Among the entries below, extract exactly the lines that run from the one with "Slingshot commission ring" through the one with "Frosted Strawberry Cookies", both ends included.

## Material for the task
>>
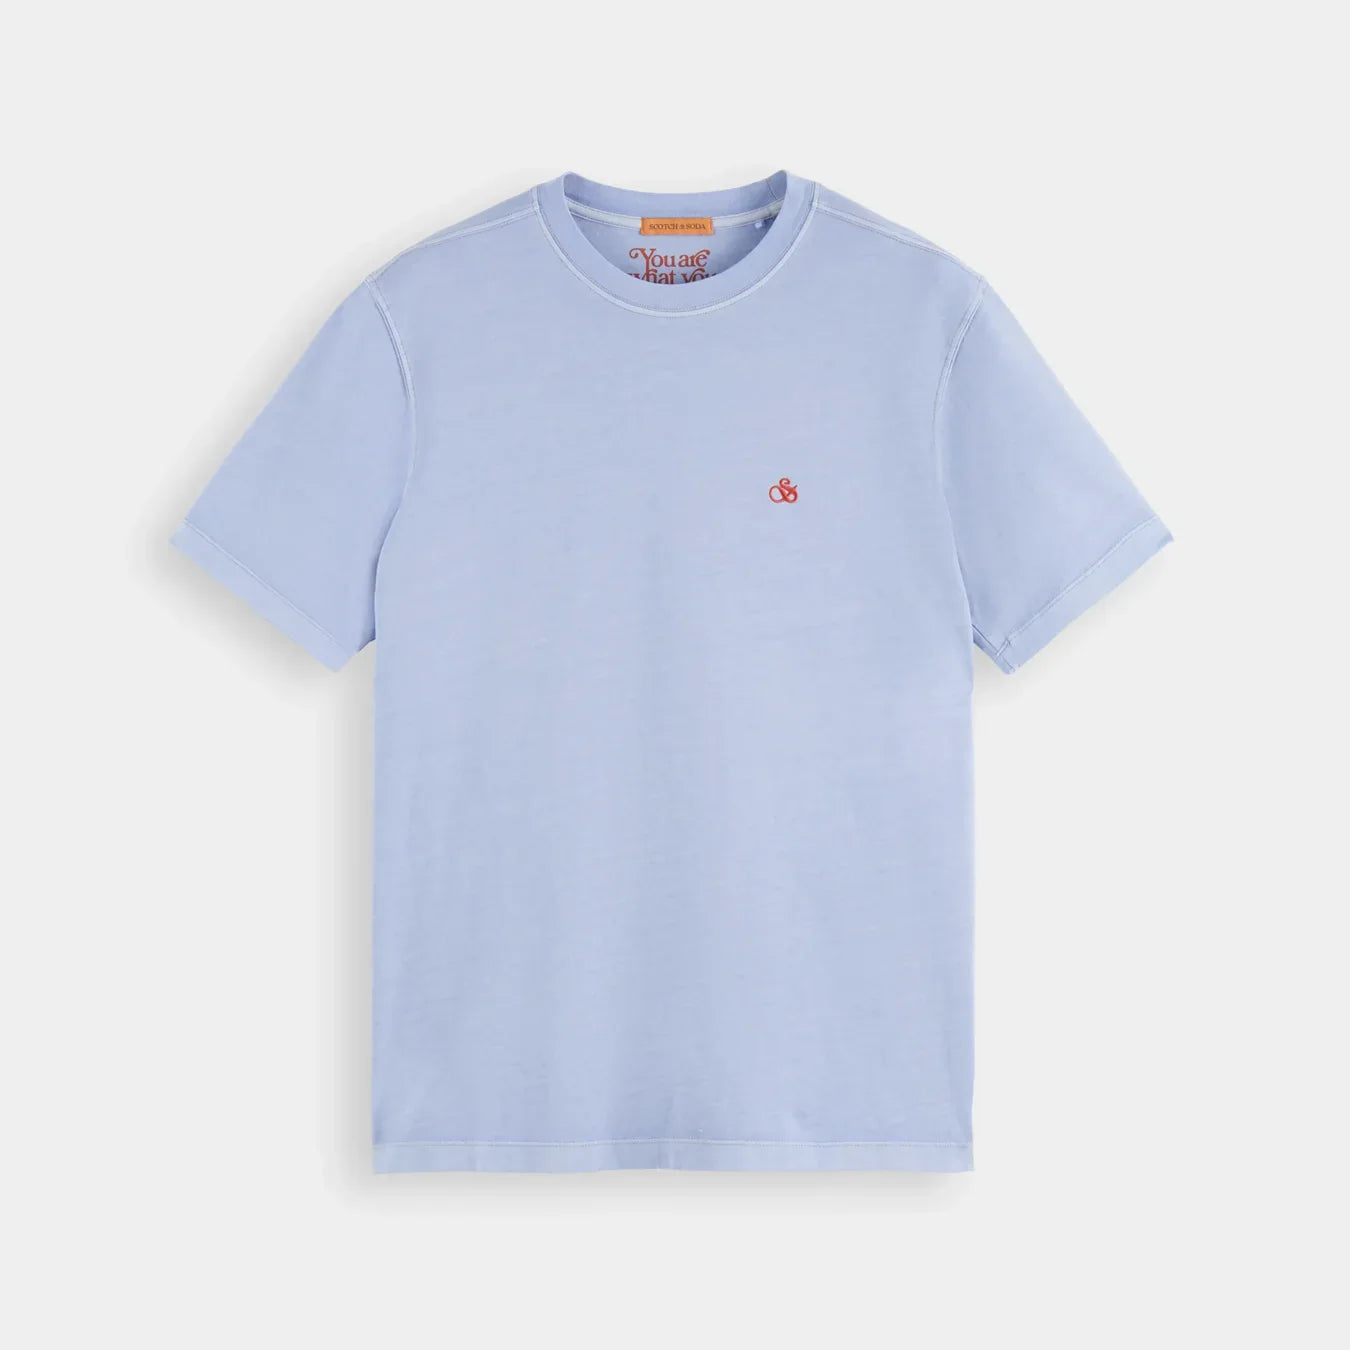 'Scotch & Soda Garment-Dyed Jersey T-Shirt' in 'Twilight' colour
<<
>>
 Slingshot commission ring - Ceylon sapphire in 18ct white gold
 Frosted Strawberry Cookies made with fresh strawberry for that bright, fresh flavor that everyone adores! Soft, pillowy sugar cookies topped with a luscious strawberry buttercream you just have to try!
<<
## Solution for this exercise
 Slingshot commission ring - Ceylon sapphire in 18ct white gold
 Frosted Strawberry Cookies made with fresh strawberry for that bright, fresh flavor that everyone adores! Soft, pillowy sugar cookies topped with a luscious strawberry buttercream you just have to try!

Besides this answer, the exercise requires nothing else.